3.2.2. Spatial Classification Results for Climate Suitability Zones

To compare the classification accuracy of three classifiers, namely, RF, SVM, and naive Bayes (NB), in the process of climate suitability zoning and to select the optimal classification algorithm suitable for suitability zoning in topographically complex areas, we used the confusion matrix method to validate the classification results. The evaluation metrics included the overall accuracy (OA), user accuracy (UA), F1-score, kappa coefficient, and R2. See Table 1 for specific accuracy.
According to various model accuracy metrics, the RF algorithm consistently outperforms the SVM and NB algorithms in terms of model classification effectiveness.
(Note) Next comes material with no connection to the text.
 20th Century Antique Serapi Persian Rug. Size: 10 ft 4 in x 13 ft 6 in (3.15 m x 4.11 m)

The classification performance of the SVM algorithm surpasses that of NB. The overall classification accuracy of the RF algorithm reaches as high as 99.08%. The specific classification diagram is shown in Figure 8.
Given that the accuracy and R2 values of the SVM and NB algorithms are significantly lower than those of the RF algorithm, we opted to use the classification results generated by the RF algorithm as the final outcome for climate suitability zoning.
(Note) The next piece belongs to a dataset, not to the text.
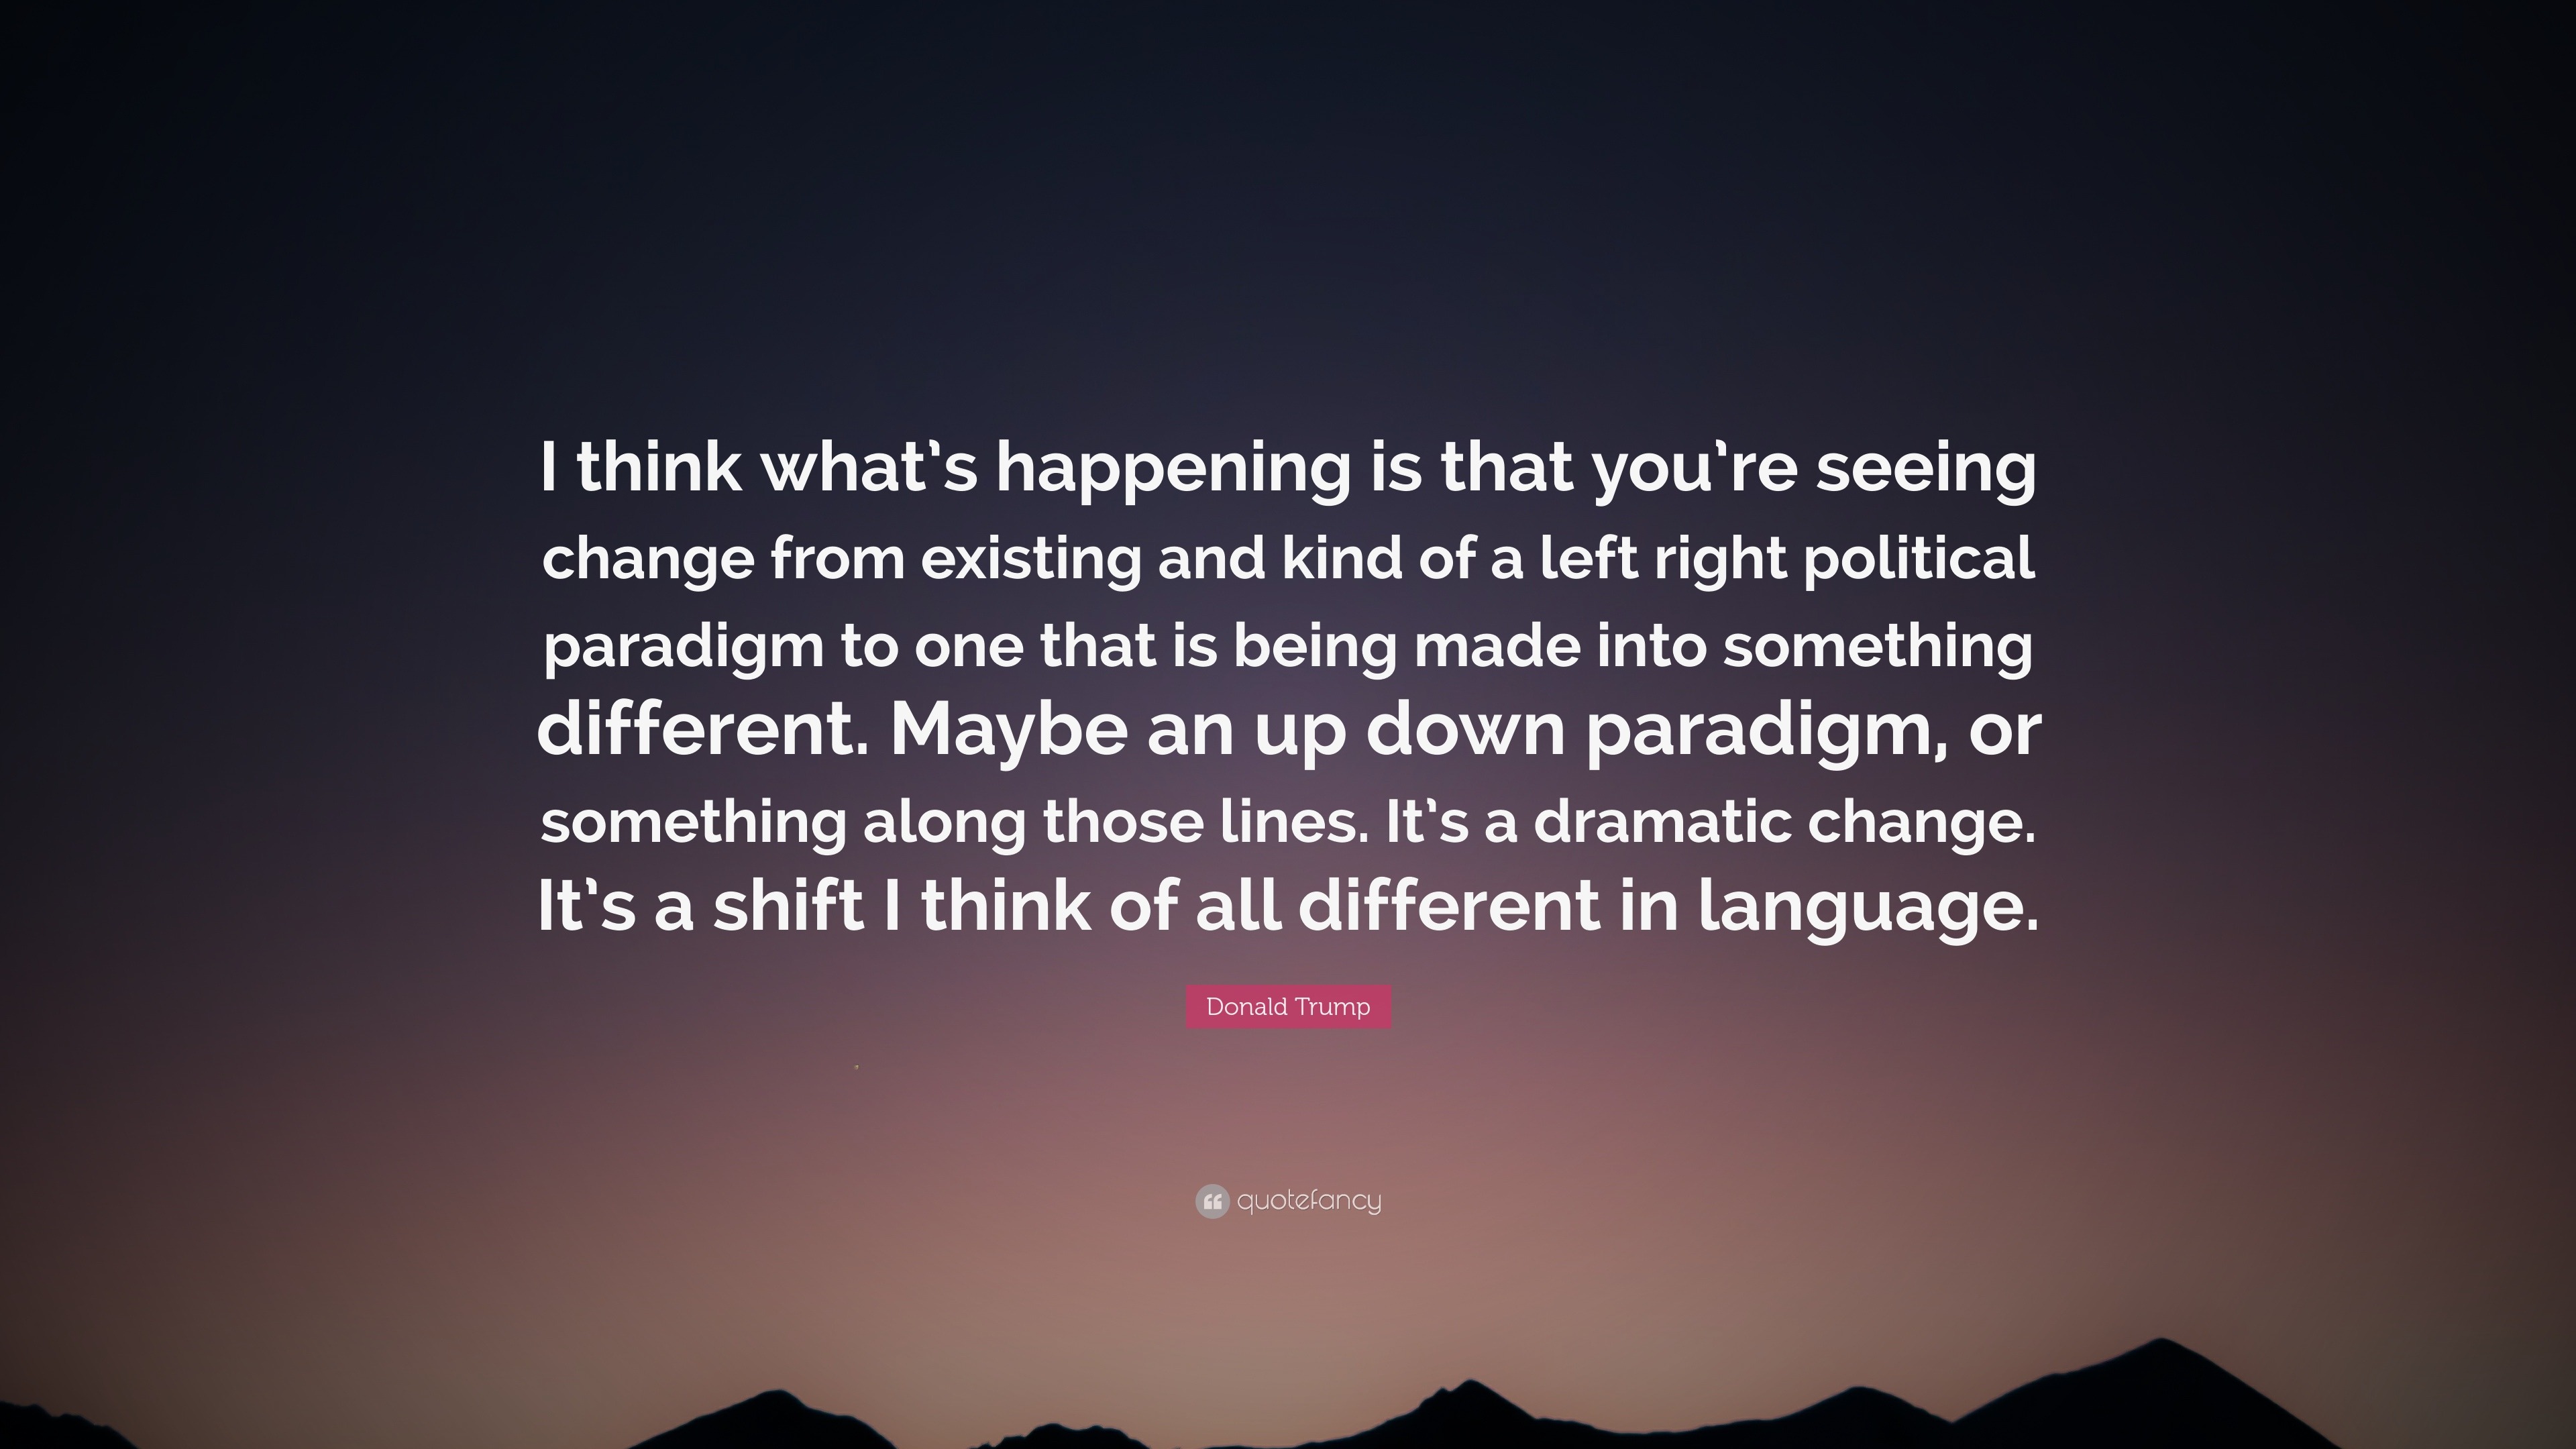 Donald Trump Quote: “I think what’s happening is that you’re seeing ...

3.2.3. Spatial Classification Results for Habitat Suitability Zones

Since NB performed poorly in climate zoning classification and was found through experimentation to be unsuitable for habitat zoning classification, we compared only the classification accuracy of RF and SVM classifiers in habitat suitability zoning. The evaluation metrics were consistent with those used for spatial climate suitability classification. See Table 2 for specific accuracy.
From the perspective of various model accuracy metrics, the RF algorithm consistently outperforms the traditional SVM model in terms of classification effectiveness. Specifically, the RF algorithm exhibits superior performance in terms of OA, UA for each class, the kappa coefficient, and other aspects. The specific classification diagram is shown in Figure 9.
The distribution of unsuitable areas is extensive, occupying most of the area of Zhuji city. A consideration of the topographical features of Zhuji city indicated that unsuitable areas are concentrated mainly in the PuYang River valley basin in the central part of the city and the river network plain in the northern part. In contrast, suitable areas are distributed primarily in the low hills of Mount Kuaiji in the east, the low hills of Longmen Mountain in the west, and some towns in the southern part of Zhuji. The distribution of moderately suitable areas is relatively limited; these areas are located mainly in transitional zones between unsuitable and suitable areas. Specifically, regions with lower elevations and relatively flat terrain are less suitable for Torreya cultivation; conversely, areas with low hills and ridges are more suitable for Torreya growth. The classification results of these two machine learning models are relatively consistent with the conclusions drawn from the physical models.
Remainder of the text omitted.